When I was diagnosed with clinical depression and prescribed a mild

anti-depressant called Paxil, the problem was even more escalated. I would stay up

for nights on end, then sleep for days at a time. When I was undergoing fertility

treatments, a vile combination of drugs and hormones that made me do nothing

BUT sleep, this “marathon” insomnia lasted for nearly two years. When my father

took ill with what turned out to be an inoperable fatal brain tumor, my marriage

turned rocky, for a variety of reasons, one of which being having family members

move in and out of our home like a revolving door, and being respite foster parents

for a six-week-old crack-addicted baby girl. We had Trina four days a week from

that time until she was about ten months old, when some friends of ours adopted

her and her two sisters. Trina would wake up in the night screaming, and I’d get up

in the night to tend to her needs, including comforting her when she had night

terrors associated with the drugs in her system she was born with. My nightmares

returned for a short time. I don’t think I slept more than 30 days total during those

eight and a half months!

After my father passed away, I was forced to become the Strong One for

my family. It sucked. I do not “do” strong well. I figured that was what my brothers

were for.They both freaked out when my Dad passed away, however, and the duty

fell on my very ill-equipped shoulders. The stress triggered, among other things,

severe insomnia. It was right about this time I discovered the wonders of over-the-

counter sleep aids, which caused me to have some of the strangest dreams ever

imagined. I slept, but never felt truly “rested” because of them.

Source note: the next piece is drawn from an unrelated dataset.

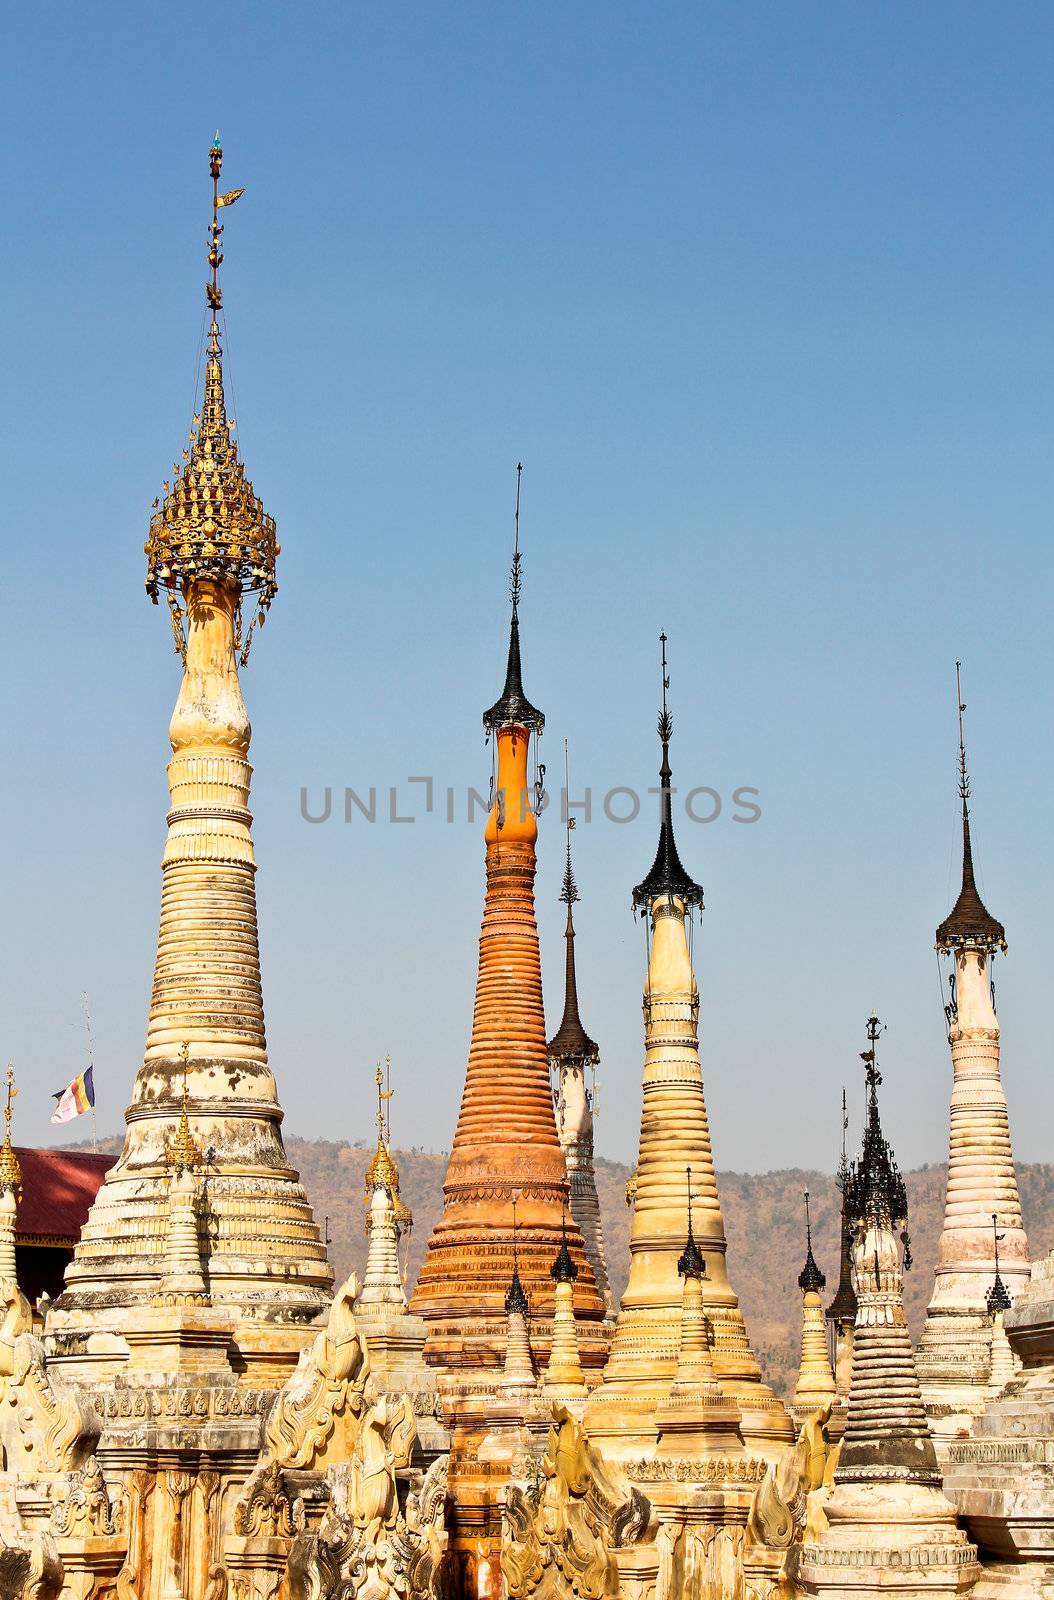 Pagoda in a Temple in Inle lake,Burma by vanillaechoes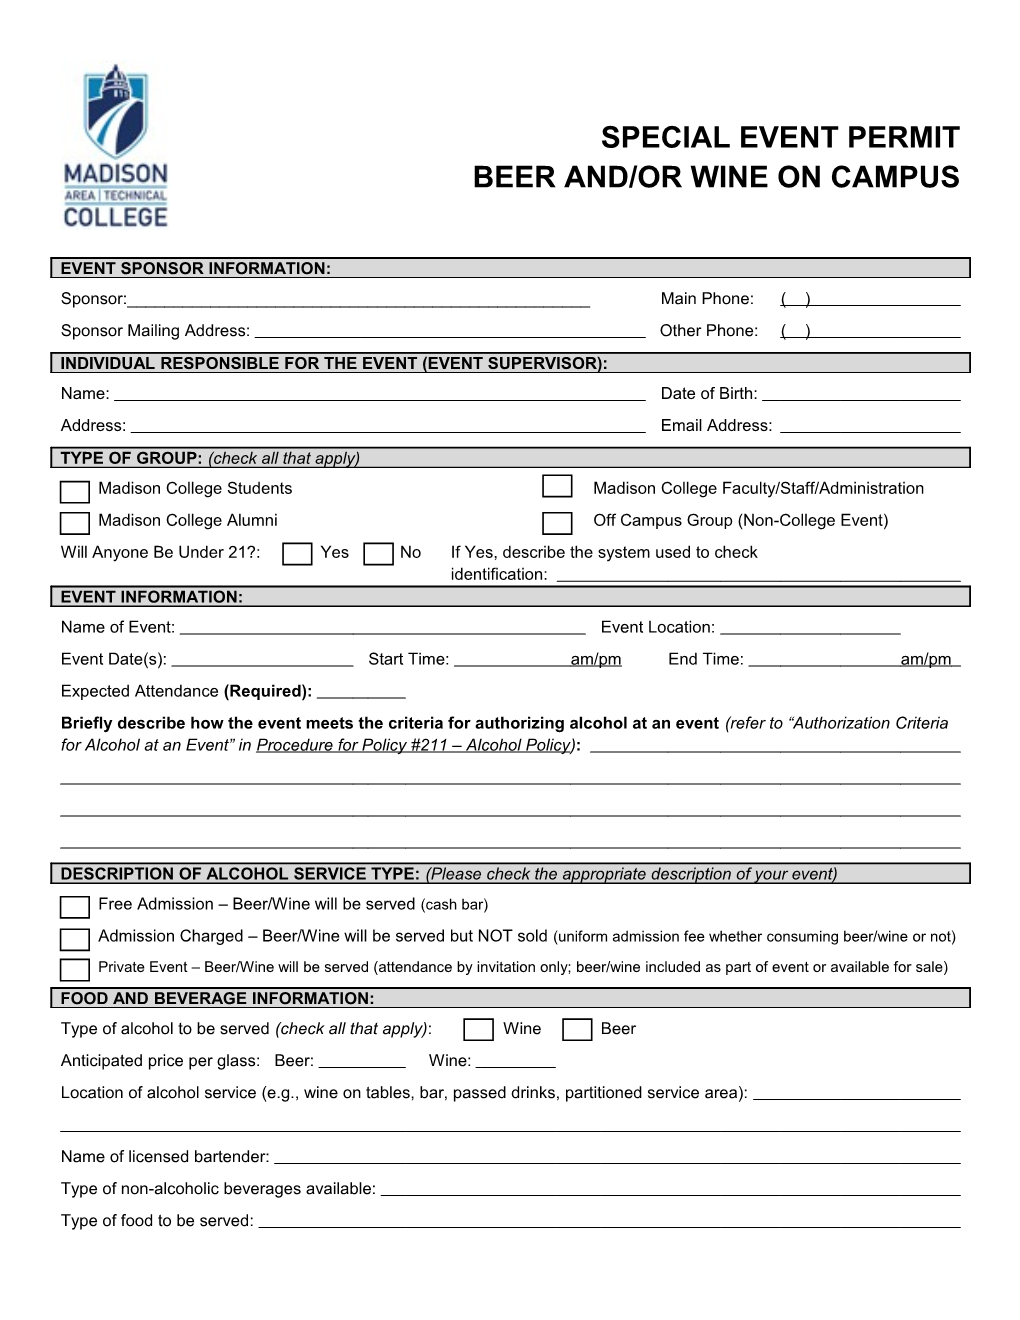 Beer And/Or Wine on Campus

After my divorce, I was forced to take three separate jobs with three

separate companies in Retail Hell to make ends meet. I was perpetually

exhausted, to say the least! I started experimenting with illegal drugs because I

made a lot of poor choices after my divorce. I was hit by a car crossing the street

near my apartment one day and ended up on prescription Hydrocodone for about

six months afterwards. I’m very thankful that my drug phase was relatively short-

lived: I only have so many brain cells to spare!

Today, I have my shit together. I have a great relationship, a decent job,

and a bright future ahead of me. I still have plenty of stress: a pet fighting a losing

battle with cancer, mandatory overtime at a fairly stressful position at work, college

and family issues. With the stress comes the occasional bout of insomnia, but it

visits less frequently these days. I take two Tylonol PM tablets every ten days or

so, and after a night or two I’m ‘right as rain’, at least for a week. I may always

struggle with sleeping issues, but they won’t incapacitate me. I will reach the goals

I have set for myself and accomplish much more than simply getting by. I will

conquer all obstacles along the way.

Including the disease named Insomnia.